You do not need permission of any kind to write a review of a movie. To have access to promotional materials, like posters, images, and trailers, you should contact the companies distributing the movie to get rights to use those materials.
You don't need any permissions to review movies. It's your personal opinion, and I think they will even make money from you if you put up advertising for their DVD's or whatever. If you get big enough (like making hundreds of thousands of dollars per month), then you may try and get licenses or make a contract...
Reviews are personal opinions, I would imagine you don't need a license for reviews. Like stated, you'd only need one in a instances where you use actual material from a movie.
Well if I dont other people to take credit for my reviews I can copyright my material correct?

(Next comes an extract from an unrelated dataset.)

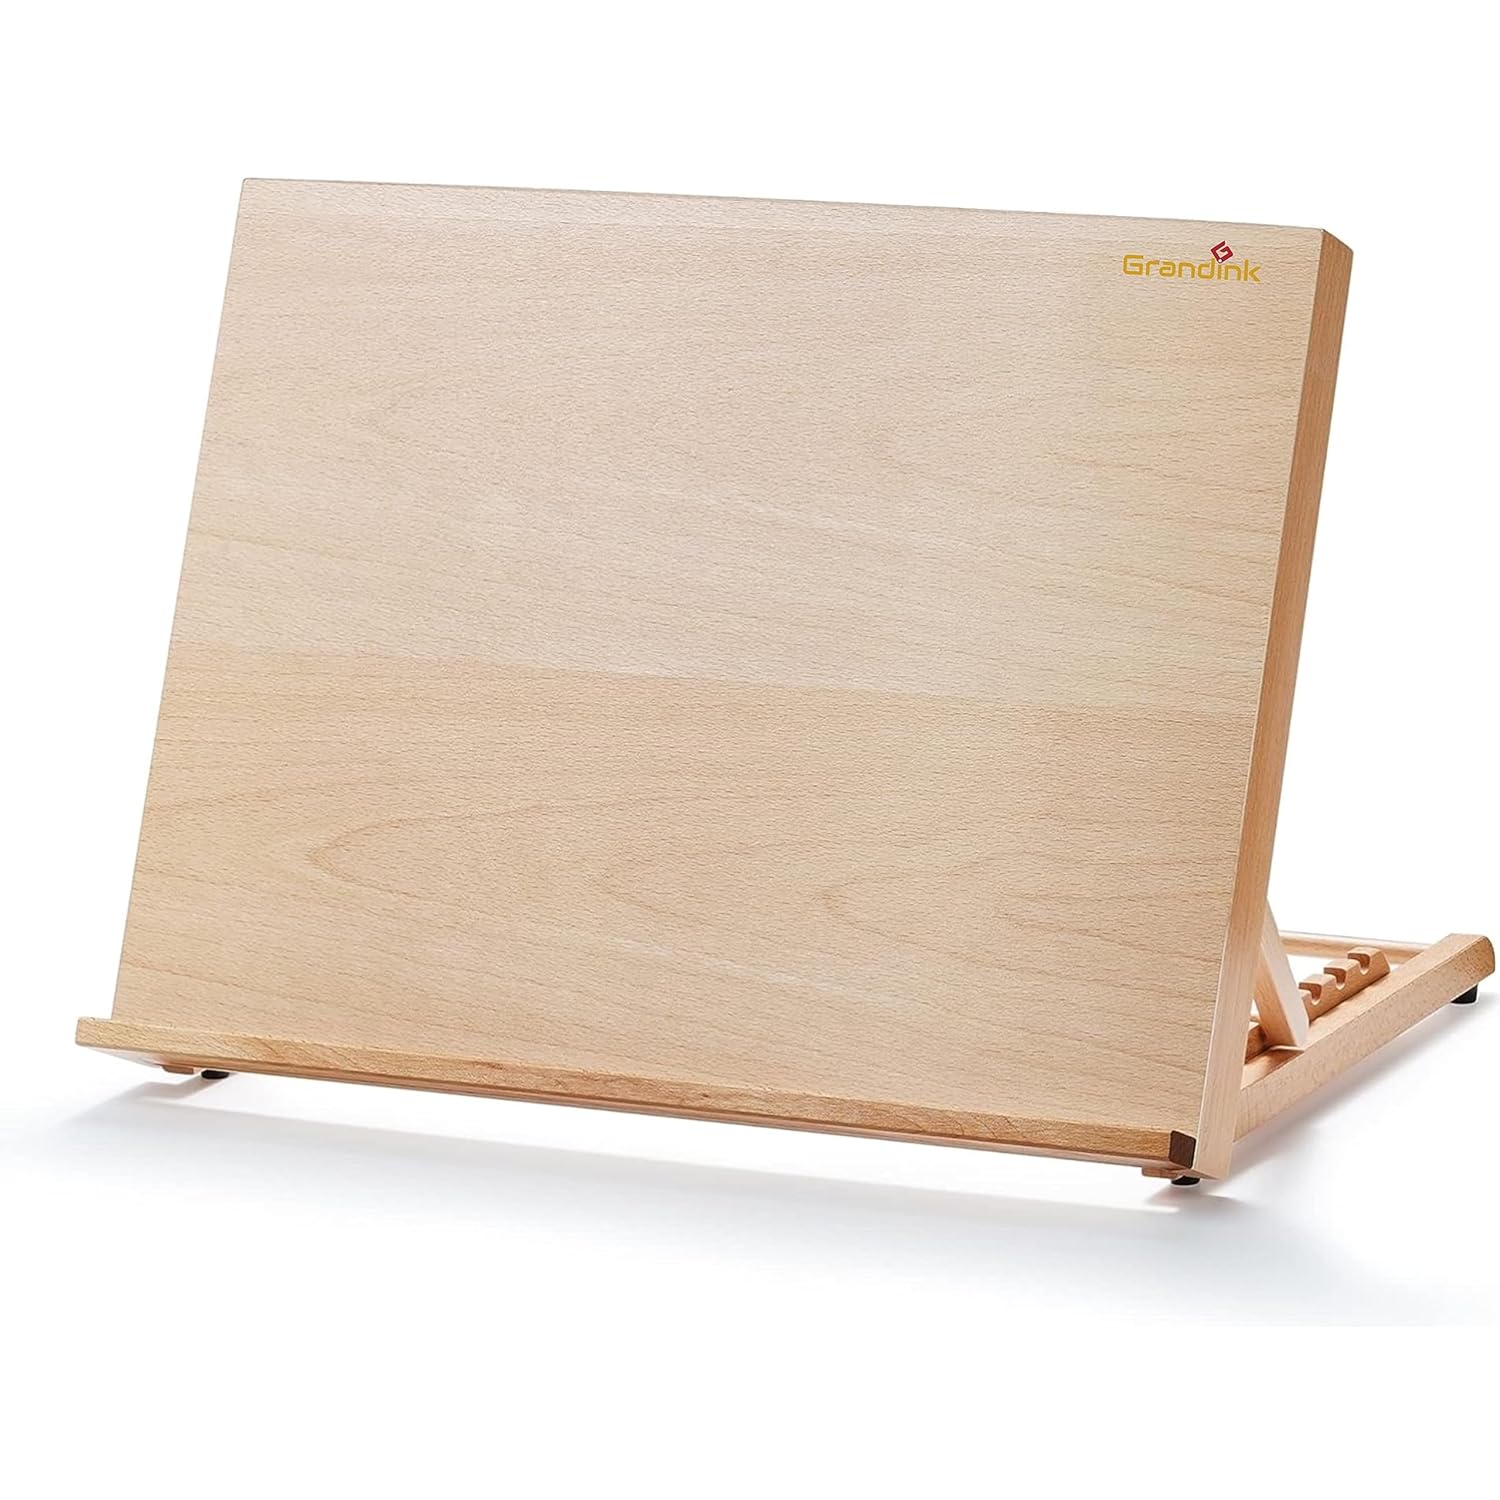 Grandink® Adjustable Tabletop Large Painting Easel

How would i do that?
as usual nobody ever mention PHOTOS. the OP will jump on his seat when he'll discover that he needs to BUY an RM licence for each of the movie-cover posters from macrostock sites that means from 5$ up to 300$ each. yes, you heard it well, it's not free and it's not cheap. then open up any movie blog and not only they steal movie covers but even screenshots of the movie itself... the web is 99% piracy ! fact.
copyright is yours in any case in the moment you CREATE an opera. if your content is just scraped article, stolen images, links, and user generated junk, well i guess there's nothing to copyright about it. by opposite if you wrote long reviews for each movie and signed them all with your name and surname (no nick names!) it IS your (c) copyright and always will.
There is a question about fair use. If you use a publicly promoted image for your review, it's arguable that fair use might apply. Moreso, there is little motivation for the studios to sue. Once you go beyond a story, then you've got issues. For the most part, these reviews and the content used are innocuous. Nobody will argue the issue if what you're doing doesn't involve ripping someone else off from money they hope to recover.